真实的国产乱ⅩXXX66竹夫人,五月香六月婷婷激情综合,亚洲日本VA一区二区三区,亚洲精品一区二区三区麻豆

成都創(chuàng)新互聯(lián)網(wǎng)站制作重慶分公司

小機(jī)上運(yùn)行ORACLE需要注意的進(jìn)程調(diào)度BUG

前 言

創(chuàng)新互聯(lián)是創(chuàng)新、創(chuàng)意、研發(fā)型一體的綜合型網(wǎng)站建設(shè)公司,自成立以來公司不斷探索創(chuàng)新,始終堅(jiān)持為客戶提供滿意周到的服務(wù),在本地打下了良好的口碑,在過去的10年時間我們累計(jì)服務(wù)了上千家以及全國政企客戶,如石涼亭等企業(yè)單位,完善的項(xiàng)目管理流程,嚴(yán)格把控項(xiàng)目進(jìn)度與質(zhì)量監(jiān)控加上過硬的技術(shù)實(shí)力獲得客戶的一致夸獎。

小y這個名字,是筆者臨時想的一個筆名,其實(shí)沒有什么特殊的含義,就暫且用他來代表我們這些為各個數(shù)據(jù)中心奉獻(xiàn)自己青春的一群默默無聞的IT人吧!

小y今天要和大家分享的是一個疑難雜癥的分析過程。

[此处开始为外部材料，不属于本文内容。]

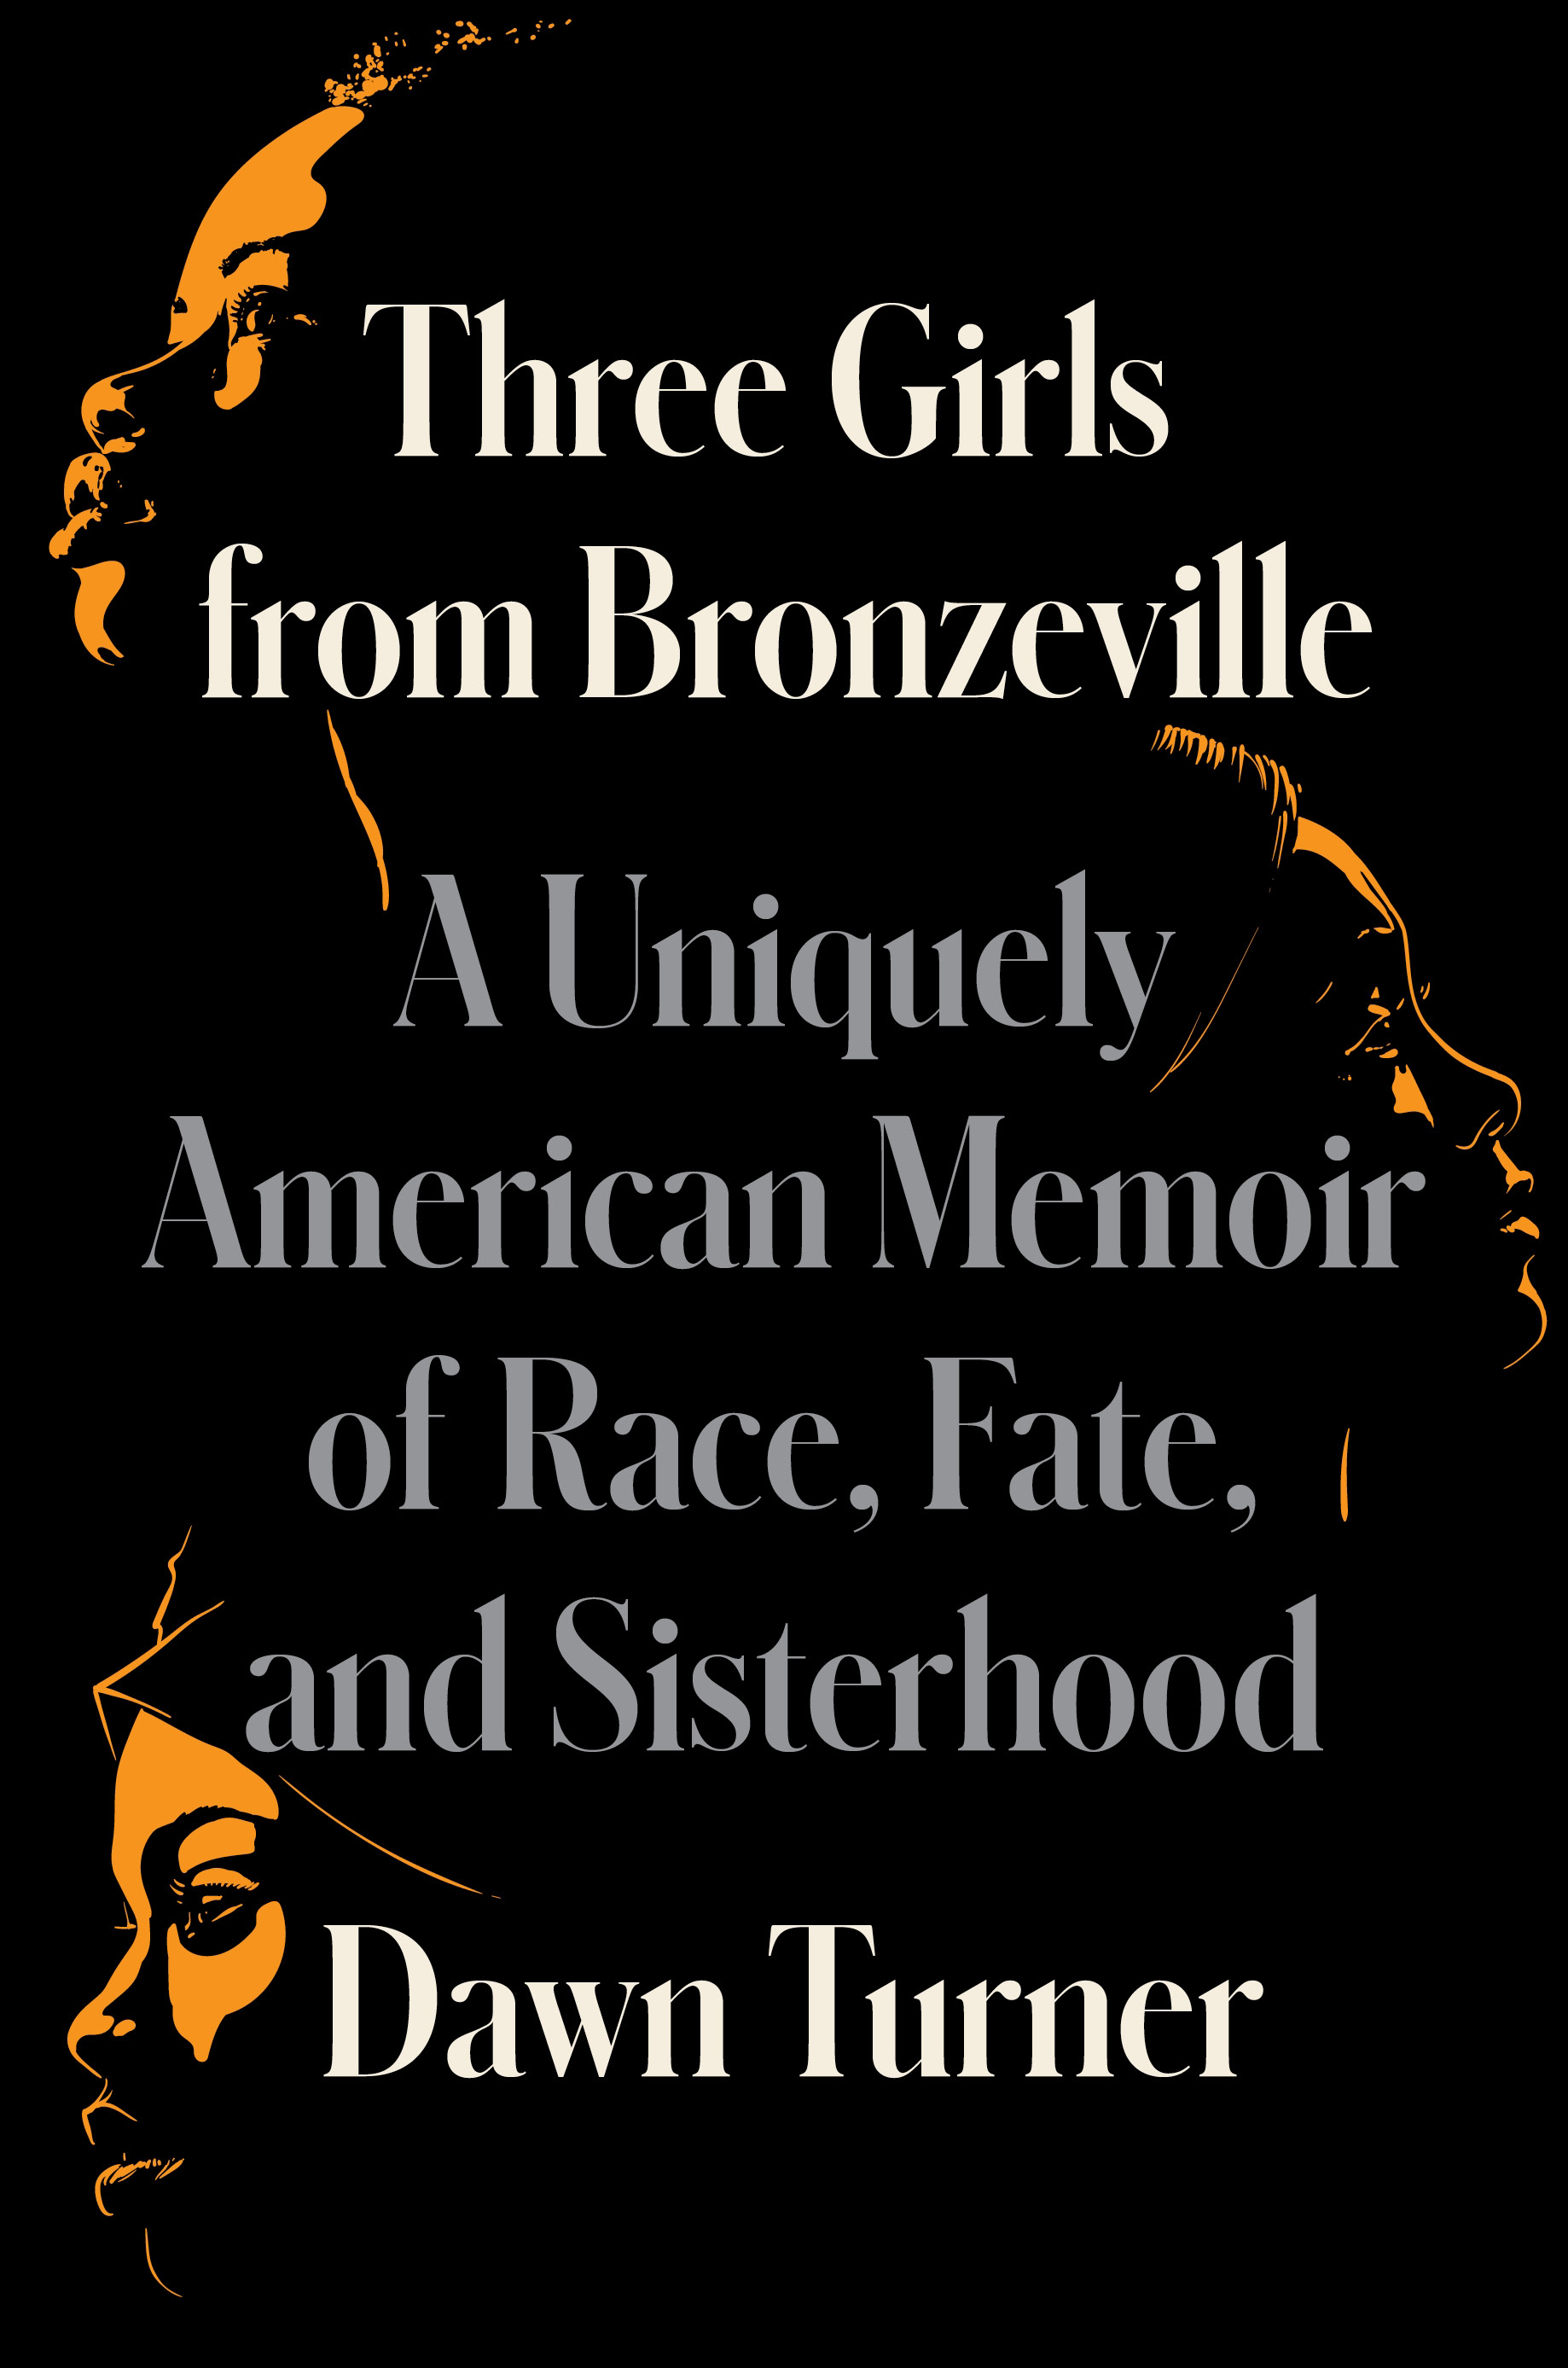 NDG Book Review: ‘Three Girls from Bronzeville’ is a warm read

如果大家有耐心讀完這個案例,一定會或多或少有些收獲,也就沒浪費(fèi)小y的一片苦心。

具體來說是一個應(yīng)用間歇性局部掛起案例的分析過程,報(bào)告中將對Oracle數(shù)據(jù)庫穩(wěn)定運(yùn)行的共性風(fēng)險(xiǎn)和隱患作出提醒。

1問題描述

據(jù)客戶反映,應(yīng)用會間歇性出現(xiàn)異常,包括insert單條記錄在內(nèi)的操作長時間無法完成,按照客戶的說法,數(shù)據(jù)庫內(nèi)可能有“死鎖”現(xiàn)象,希望能夠找到問題發(fā)生的根因,提出解決方案,以避免問題再次發(fā)生。

2015年12月23日,問題再次發(fā)生,客戶再次聯(lián)系到小y,小y通過遠(yuǎn)程方式進(jìn)行了信息收集和故障診斷,最終定位了問題的根本原因。

環(huán)境介紹:

操作系統(tǒng) HPUX IA64 B.11.31

數(shù)據(jù)庫 ORACLE 10.2.0.5,單實(shí)例

2分析過程

>>> 2.1 異常時刻數(shù)據(jù)庫出現(xiàn)異常等待

小機(jī)上運(yùn)行ORACLE需要注意的進(jìn)程調(diào)度BUG

可以看到:

有2個會話在等待行鎖(拿不到事務(wù)鎖,需要一直等待),另外有一個會話在等待“undo segment extension”。


>>>> 2.2 梳理異常等待之間的關(guān)系

1)分析行鎖等待的阻塞者

小機(jī)上運(yùn)行ORACLE需要注意的進(jìn)程調(diào)度BUG

可以看到:

SID 285/290的兩個會話都是被SID=315的會話阻塞了,他們在等待行鎖,時間已經(jīng)超過60000秒。

2)查看阻塞者SID=315在做什么

小機(jī)上運(yùn)行ORACLE需要注意的進(jìn)程調(diào)度BUG

可以看到:

SID=315的會話阻塞了其他兩個會話,他本身也處于一個資源的等待上,在等待“undo segment extension”,已經(jīng)等了70384秒了!該等待事件沒有阻塞者。

3)SID=315在執(zhí)行的SQL語句

INSERT INTO TABLE_NAME(COL1,COL2,COL3,COL4,COL5,COL6,COL7)VALUES(:1,:2,:3,:4,:5,:6,:7)


>>>> 2.3 什么是“undo segment extension”等待事件

“undo segment extension”即等待回滾段擴(kuò)展完成。當(dāng)執(zhí)行增刪改等操作時,數(shù)據(jù)庫需要回滾段來存儲前鏡像,當(dāng)回滾段空間不足時,則需要擴(kuò)展。

具體來說,undo segment的擴(kuò)展或者回收(extend / shrink)都是前臺進(jìn)程通過通知SMON后臺進(jìn)程來完成的。


發(fā)出下列命令查看undo的使用情況,UNDO表有空有1個文件27750M,其中目前活動的值有8M,未過undo retention的1892M,過了undo retention的有40M未發(fā)現(xiàn)異常。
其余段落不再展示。